Accumulating evidence of dysregulated lncRNAs expression and genetic variants in lncRNAs in many cancers5–7 implies their potential oncogenic or tumor-suppressor roles in the development of cancer. LncRNAs can participate in aberrations of epigenetic status, such as changes in DNA methylation, histone modifications and chromatin remodeling, to silence or activate transcription of tumor-associated genes.1,8–10 LncRNAs have also been shown to recruit and direct chromatin-modifying complexes to specifically target promoter regions of tumor genes, which eventually impact key biological processes such as cell adhesion, cell cycle and apoptosis in cancers. Additionally, lncRNAs can induce aberrant expression of cancer-associated genes during post-transcriptional processing by regulating alternative pre-mRNA splicing, mRNA translation and the stability of mRNA involved in cancer progression.11,12 For instance, HOX antisense intergenic RNA (HOTAIR), a lncRNA located in the HOXC locus, has been reported to be upregulated in several cancer types.13 Upregulation of HOTAIR could be correlated with an advanced pathological stage and lymph-node metastasis, and indicated poor prognosis in non-small cell lung cancer (NSCLC). Downregulation of HOTAIR by RNAi repressed the migration and invasion of cancer cells in vitro and impeded cell metastasis in vivo.14

Recently, there have been numerous efforts applied to systematically identify cancer lncRNAs and explore their functions in tumorigenesis. Cabili et al. identified a mass of lincRNAs and found significant links with disease-associated regions derived from genome-wide association studies, supporting their potential roles in human disease.15 Thus, subsequent studies begin to take risk SNPs into consideration to identify novel cancer lncRNAs.16,17 Genome-wide transcriptional profiling of lncRNAs was also widely used to explore their functions in cancer.1,18,19 By sequencing 102 prostate tissues and cell lines using next generation sequencing technology, Prensner et al. characterized a novel cancer lincRNA named PCAT-1 which regulates cell proliferation and acts as a transcriptional repressor involved in prostate cancer progression.6 Likewise, through profiling the transcriptome of lncRNAs across multiple human cancers, Brunner et al. suggested lncRNAs can be potential biomarkers of cancers.20 Recently, Du et al. identified cancer subtype-specific driver lncRNAs by combining re-annotated lncRNA expression profiles, clinical information and somatic copy-number alterations data.21 However, discovering lncRNAs involved in cancer remains a significant challenge.

In this study, we applied the naive Bayesian classifier method to construct a model by integrating genomic, miRNA targeting and expression features. Through the model, we predicted a set of cancer-related lncRNAs and found that they were significantly enriched in differentially expressed lncRNAs and differential methylation regions (DMRs) in different cancer types, and were prognosis factors in prostate cancer.
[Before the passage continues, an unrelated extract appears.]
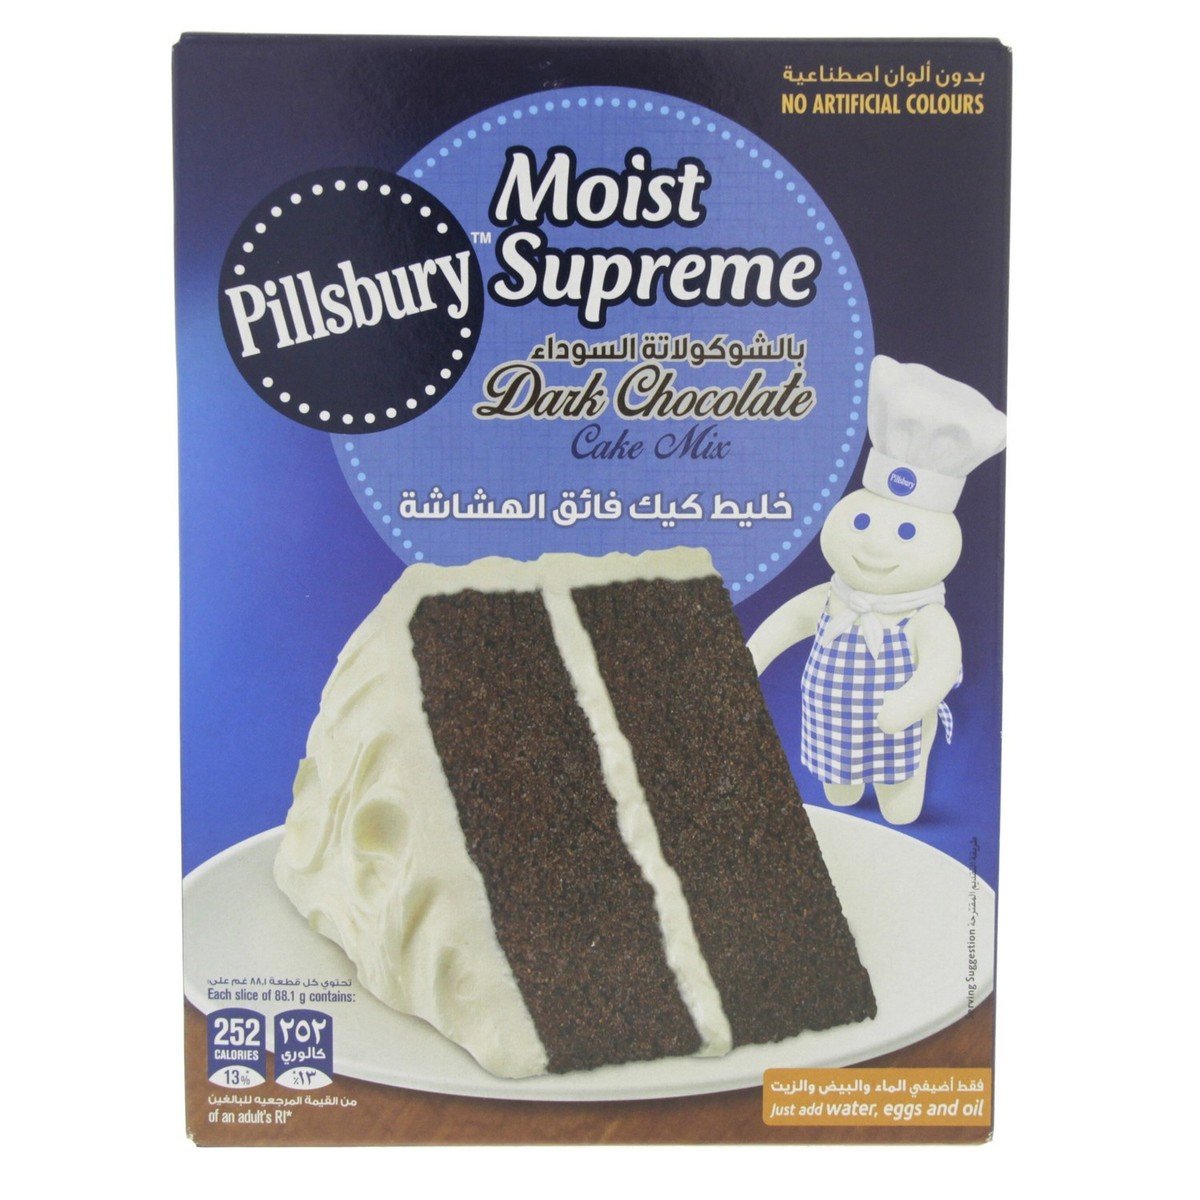 Pillsburry Moist Supreme Cake Mix Dark Chocolate 485 g

We further demonstrated the model using lncRNA knockdown data in mice, and also found an lncRNA, lnc-SNURF-1, showing a strong association with prostate cancer by regulating tumor necrosis factor-mediated signaling pathways.

Materials and methods

Positive and negative lncRNA sets

Known cancer-related lncRNAs were collected by manual curation of the published literature. The recently developed lncRNA disease database (lncRNADisease)22 referring to associations of lncRNAs with disease phenotypes was also used to obtain cancer-related lncRNAs. All of these known cancer-related lncRNAs were re-annotated according to lncRNA genomic positions derived from the LNCipedia database.23 Known cancer-related lncRNAs were mapped to LNCipedia lncRNA IDs when they had at least 50% reciprocal overlap. These known cancer-related lncRNAs with LNCipedia IDs were regarded as the positive lncRNA set. The negative lncRNA set was composed of lncRNAs without any mutations or phenotype-related SNPs within the range of 10 kb upstream and downstream of them. The mutation information (including various types of point mutations in the coding and non-coding regions detected in cancer) was downloaded from the COSMIC database.24 The phenotype-related SNPs were obtained from the GWAS Catalog.5

Construction of features

To reflect the differences between positive lncRNAs and negative lncRNAs, we constructed eight features from aspects of the genome, regulome and transcriptome.
Genomic features. Based on exon structures of lncRNAs extracted from LNCipedia, we determined whether lncRNAs belonged to the antisense group25 (feature I). We counted the numbers of miRNAs (obtained from miRBase, version 20) present in the region of each lncRNA (feature II). Also, for each lncRNA, the total number of repeat elements (including SINE, LINE, LTR, low complexity, satellite and simple repeat derived from the UCSC genome database) located within the lncRNA was calculated (feature III). Next, we identified whether lncRNAs had an AU-rich element (ARE) according to the method described by Clark et al.26 (feature IV). Sequence conservation scores of exons of lncRNAs were calculated using UCSC 44-way vertebrate genome alignment (feature V).
Regulome features. Mature miRNA sequences and miRNA family data were obtained from miRBase. Cancer-related miRNAs were extracted from HMDD2.27 We predicted miRNA–lncRNA interactions using the method described in miRcode.28 For each lncRNA, the number of cancer-related miRNAs targeting this lncRNA was calculated (feature VI).
Transcriptome features. FPKM (fragments per kilobase of exon per million fragments mapped) values of 3213 lncRNAs and 18342 protein-coding genes were estimated from RNA-seq data of the Human Body Map using TopHat29 and Cufflinks30 with default parameters. Pearson correlation coefficient (r ≥ 0.8) was used to determine the co-expression relationships between lncRNAs and protein-coding genes. We calculated the number of co-expressed cancer protein-coding genes for each lncRNA based on cancer gene lists from the Genetic Association Database (GAD)31 (feature VII). In addition, using expression profiles of the Human Body Map data referring to 16 normal tissues,15 a tissue specific score S was calculated for each lncRNA as follows (feature VIII):
image file: c4mb00478g-t1.tif
where n represents the number of tissues, ei represents the expression value of the lncRNA in the ith tissue and emax represents the maximal expression value of the lncRNA across the n tissues.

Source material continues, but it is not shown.